* [Problem details]: Below are the records. Retype exactly the lines between the lines holding "Le vins aux" and "Black & Silver", inclusive.

* [Records for this exercise]:
+--
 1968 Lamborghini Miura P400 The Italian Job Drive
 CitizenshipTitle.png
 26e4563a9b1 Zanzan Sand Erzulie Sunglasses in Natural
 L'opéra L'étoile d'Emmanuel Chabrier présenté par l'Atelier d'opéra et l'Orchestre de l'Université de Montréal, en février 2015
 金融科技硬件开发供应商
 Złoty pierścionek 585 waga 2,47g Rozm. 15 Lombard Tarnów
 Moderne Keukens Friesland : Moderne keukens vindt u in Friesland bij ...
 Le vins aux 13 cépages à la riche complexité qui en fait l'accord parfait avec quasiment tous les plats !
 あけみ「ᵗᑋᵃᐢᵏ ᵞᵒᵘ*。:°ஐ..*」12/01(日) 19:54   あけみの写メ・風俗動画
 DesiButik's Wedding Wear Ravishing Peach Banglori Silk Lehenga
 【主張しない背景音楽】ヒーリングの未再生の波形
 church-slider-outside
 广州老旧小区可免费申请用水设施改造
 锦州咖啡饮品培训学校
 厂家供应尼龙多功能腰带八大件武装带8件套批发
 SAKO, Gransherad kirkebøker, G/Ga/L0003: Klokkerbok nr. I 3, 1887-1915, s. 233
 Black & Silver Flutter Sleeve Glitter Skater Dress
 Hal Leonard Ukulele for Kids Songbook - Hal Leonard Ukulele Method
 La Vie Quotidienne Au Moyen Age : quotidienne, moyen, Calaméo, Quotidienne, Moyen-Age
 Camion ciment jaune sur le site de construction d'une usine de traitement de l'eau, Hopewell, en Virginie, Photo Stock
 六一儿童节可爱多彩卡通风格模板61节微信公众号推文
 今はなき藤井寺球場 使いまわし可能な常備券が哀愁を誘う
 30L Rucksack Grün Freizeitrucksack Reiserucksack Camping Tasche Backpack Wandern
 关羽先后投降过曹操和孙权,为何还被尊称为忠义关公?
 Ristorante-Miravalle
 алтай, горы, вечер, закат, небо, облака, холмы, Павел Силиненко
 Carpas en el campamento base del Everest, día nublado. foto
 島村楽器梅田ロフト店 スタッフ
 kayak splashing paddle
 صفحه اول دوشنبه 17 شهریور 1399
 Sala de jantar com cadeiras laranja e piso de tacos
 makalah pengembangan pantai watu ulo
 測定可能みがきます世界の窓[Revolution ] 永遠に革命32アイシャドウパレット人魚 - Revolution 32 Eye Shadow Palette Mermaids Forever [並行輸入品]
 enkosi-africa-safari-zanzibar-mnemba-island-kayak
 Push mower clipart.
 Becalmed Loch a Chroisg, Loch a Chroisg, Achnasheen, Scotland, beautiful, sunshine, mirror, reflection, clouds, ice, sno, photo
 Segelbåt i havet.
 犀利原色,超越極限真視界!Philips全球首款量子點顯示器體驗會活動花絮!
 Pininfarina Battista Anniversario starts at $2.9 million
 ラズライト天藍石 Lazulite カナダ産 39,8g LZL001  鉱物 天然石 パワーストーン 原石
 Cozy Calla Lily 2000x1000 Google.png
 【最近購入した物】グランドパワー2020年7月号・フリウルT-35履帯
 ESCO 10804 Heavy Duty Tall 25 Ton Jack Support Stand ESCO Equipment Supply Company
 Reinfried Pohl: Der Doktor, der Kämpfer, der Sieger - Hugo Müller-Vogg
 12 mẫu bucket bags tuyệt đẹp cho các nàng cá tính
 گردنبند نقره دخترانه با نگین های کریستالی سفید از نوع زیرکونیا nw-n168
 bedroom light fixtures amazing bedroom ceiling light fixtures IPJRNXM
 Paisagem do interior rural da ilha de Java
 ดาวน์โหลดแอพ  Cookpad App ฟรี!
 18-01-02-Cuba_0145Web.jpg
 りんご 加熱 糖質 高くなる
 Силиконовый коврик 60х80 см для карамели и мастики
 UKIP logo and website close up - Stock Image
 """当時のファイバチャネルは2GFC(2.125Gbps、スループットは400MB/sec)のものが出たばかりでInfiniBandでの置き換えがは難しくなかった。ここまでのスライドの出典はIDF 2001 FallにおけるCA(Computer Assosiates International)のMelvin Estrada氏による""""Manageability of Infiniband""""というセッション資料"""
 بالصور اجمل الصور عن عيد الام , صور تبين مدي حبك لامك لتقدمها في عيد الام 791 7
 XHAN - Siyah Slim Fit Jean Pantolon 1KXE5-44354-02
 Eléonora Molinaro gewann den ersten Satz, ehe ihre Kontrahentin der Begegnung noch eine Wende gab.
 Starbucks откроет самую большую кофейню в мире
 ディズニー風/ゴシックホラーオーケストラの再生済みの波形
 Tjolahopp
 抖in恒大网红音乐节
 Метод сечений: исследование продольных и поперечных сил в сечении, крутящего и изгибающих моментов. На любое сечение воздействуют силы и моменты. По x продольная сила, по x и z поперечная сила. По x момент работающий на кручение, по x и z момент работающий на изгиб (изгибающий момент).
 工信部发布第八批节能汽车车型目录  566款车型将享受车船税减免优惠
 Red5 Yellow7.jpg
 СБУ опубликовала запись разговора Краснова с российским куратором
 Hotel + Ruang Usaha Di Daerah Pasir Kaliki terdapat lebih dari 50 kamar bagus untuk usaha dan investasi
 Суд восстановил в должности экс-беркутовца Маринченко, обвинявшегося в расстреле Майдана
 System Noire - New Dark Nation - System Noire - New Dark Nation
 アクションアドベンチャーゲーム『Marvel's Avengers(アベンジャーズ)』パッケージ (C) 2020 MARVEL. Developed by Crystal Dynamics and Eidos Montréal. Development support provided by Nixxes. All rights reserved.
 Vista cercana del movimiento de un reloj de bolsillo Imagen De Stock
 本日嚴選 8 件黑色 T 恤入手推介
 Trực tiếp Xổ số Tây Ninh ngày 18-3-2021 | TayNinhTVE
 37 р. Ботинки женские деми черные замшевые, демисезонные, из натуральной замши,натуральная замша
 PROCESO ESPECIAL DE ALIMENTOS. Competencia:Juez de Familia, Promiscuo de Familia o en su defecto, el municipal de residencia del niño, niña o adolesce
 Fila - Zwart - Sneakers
+--
* [Task output]:
 Le vins aux 13 cépages à la riche complexité qui en fait l'accord parfait avec quasiment tous les plats !
 あけみ「ᵗᑋᵃᐢᵏ ᵞᵒᵘ*。:°ஐ..*」12/01(日) 19:54   あけみの写メ・風俗動画
 DesiButik's Wedding Wear Ravishing Peach Banglori Silk Lehenga
 【主張しない背景音楽】ヒーリングの未再生の波形
 church-slider-outside
 广州老旧小区可免费申请用水设施改造
 锦州咖啡饮品培训学校
 厂家供应尼龙多功能腰带八大件武装带8件套批发
 SAKO, Gransherad kirkebøker, G/Ga/L0003: Klokkerbok nr. I 3, 1887-1915, s. 233
 Black & Silver Flutter Sleeve Glitter Skater Dress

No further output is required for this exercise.